Wireless cameras are an invaluable tool for many farmers, ranchers, hunters, and game managers, enabling users to improve security, monitor assets, and document wildlife remotely. Unfortunately, most places you would like to have a camera do not have power or a wired data connection, especially in agriculture and wildlife monitoring. As a result, the wireless camera market has emerged with a growing variety of cameras and applications. This article will attempt to alleviate much of the confusion that comes with the term “wireless cameras”, as well as discuss different types of cameras and use cases.
Wireless Camera Types
“Wireless camera” is a broad term adopted by the media and marketers that means any type of camera that does not have a wired connection. The wireless cameras can be broken down into three main categories: closed-circuit television (CCTV), WiFi (wireless internet), and cellular.
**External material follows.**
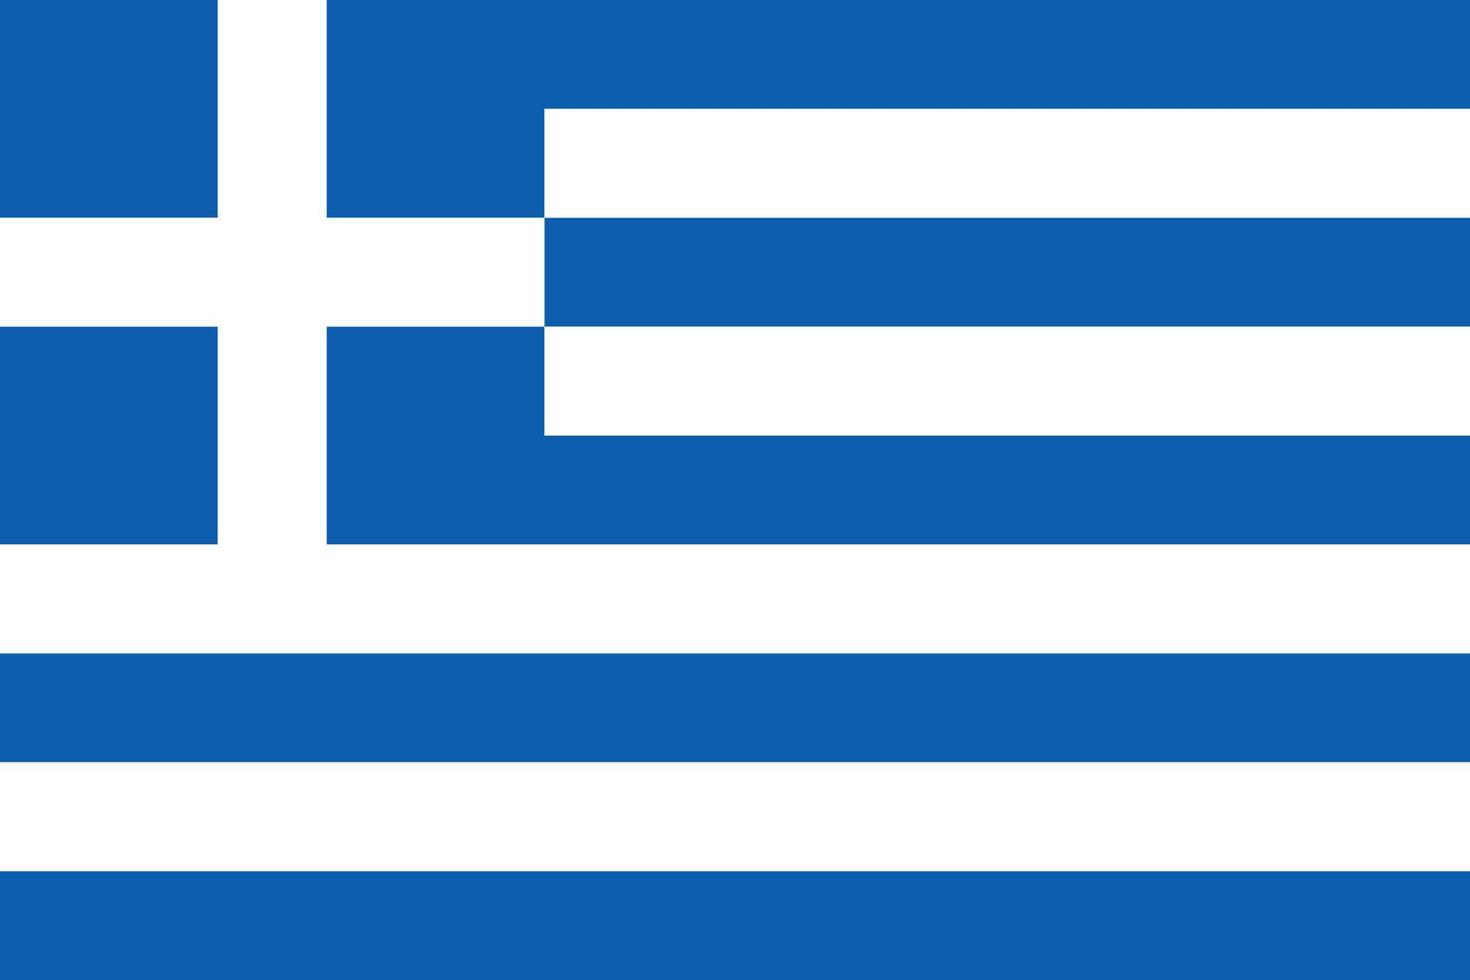 Grécia simples bandeira corrigir tamanho, proporção, cores. vetor

Closed-circuit television cameras were the original wireless cameras. CCTV cameras stream videos and images directly to a receiver, without the need for an internet connection. The receiver typically consists of an antenna, recorder, and display, but system specifics vary widely. CCTV’s are great for streaming high-definition video, making them a solid choice for localized security applications due to having independent wireless signal and the quality of the video CCTV cameras transmit. The range of CCTV systems varies widely and depends on many variables such as radio frequency, transmission power, antenna size, obstacles, and terrain. Most systems are in the range of 100 feet up to about ½ mile.
Pros: high-quality video and live streaming, security of signal, no data costs (unless the receiver uploads video and images to the internet)
Cons: most expensive upfront costs, most complex installation, requires power (for the receiver), and most CCTV systems must be monitored locally (some receivers push video over the internet)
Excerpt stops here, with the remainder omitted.